Secondly, to keep as much smoke around the meat as possible, you have to create a canopy. Materials that are fire-resistant can be used for this purpose. If you do not have them, you can use pieces of lumber. The meat should not be placed too close to the fire as you want to preserve and dehydrate it, not cook it.
For proper preservation, the meat should be kept at a temperature of 110–160 °F. So, make sure you have a thermometer with you.
If you want the easiest option, you can simply opt for preservatives. They consist of a mixture of citric acid and form a crust on the surface of the meat that makes it impossible for bacteria to grow. You will have to apply them regularly, every other day. Make sure you remove the acidic crust before cooking the meat.
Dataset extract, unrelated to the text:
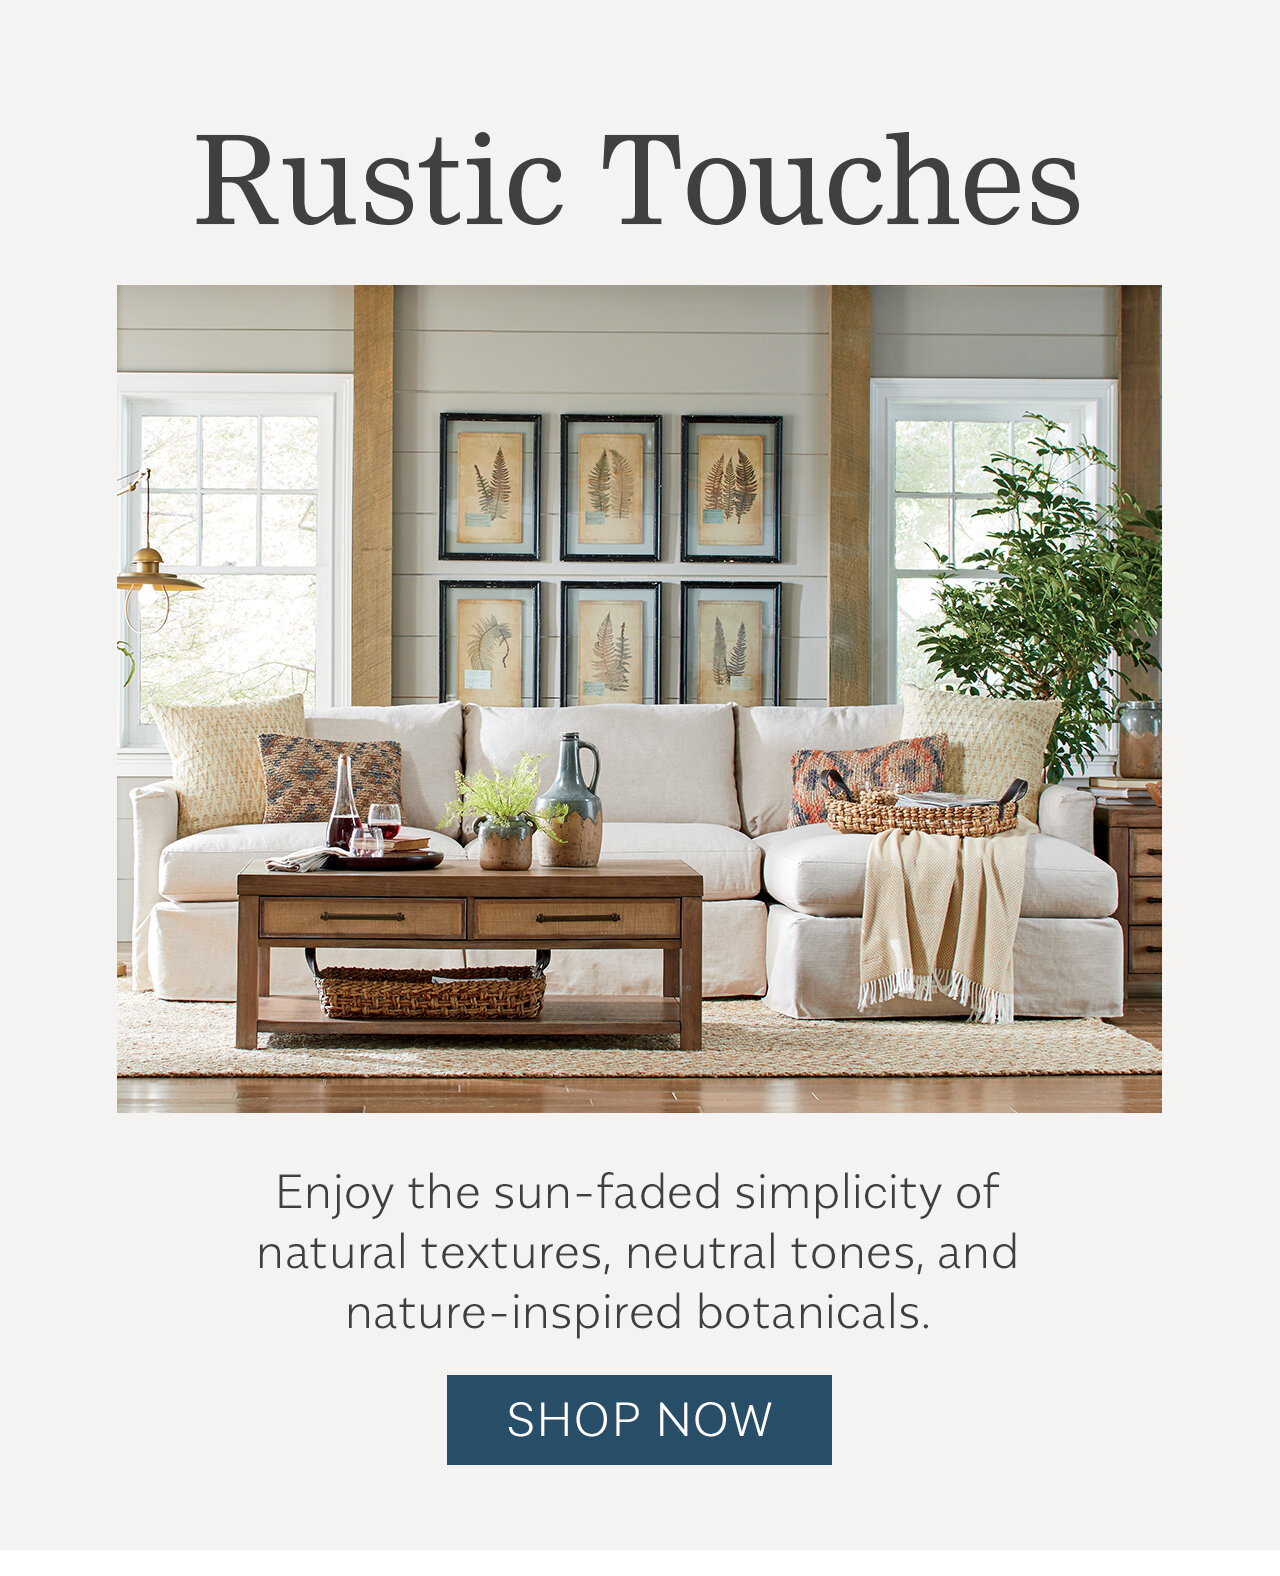 Rustic Touches

You can store the meat in a brine mixture. It is similar to the curing method. By depriving the meat of oxygen, they prevent bacteria and protect the meat from its surroundings. One of the biggest benefits of using brine is that it enables you to hold onto the natural tenderness of the meat.
Make sure you soak large pieces of meat in the brine unless they will develop a very salty taste. You do not want to eat pickled meat. You can also add sugar, spices, or herbs to get a better flavor.
How Long Can You Preserve Meat In The Wild?
The time for meat preservation varies depending on a lot of elements, such as the temperature of your surroundings, the amount of meat, etc. To give you a basic idea, I’ve listed the duration of meat preservation for the methods I have mentioned above.
Sunlight: Drying the meat in sunlight usually takes 12-16 hours. Afterward, you can have the meat preserved for weeks. Sometimes they can also last up to 2 months.
Curing: The curing process can help preserve the meat for multiple weeks.
Smoking: Smoking the meat for a day can make it last for a week at a minimum. If you do it for two days continuously, it will last a whole month. Be careful not to do it too regularly, as it will heavily distort the flavor of the meat.
Preservatives: Preservatives do not make the meat last very long. They last for 2-3 days and then you will need to apply them to the meat again.
Brine: Using a brine solution can help the meat last for weeks given that you use the correct measurements.
After reading this article, you should have a proper idea of how to preserve meat in the wild. You have a multitude of options to choose from, after all. Just make sure you clean and dry the meat properly so that you are not exposed to any bacteria.
I wish you all the best for your adventures in the wild!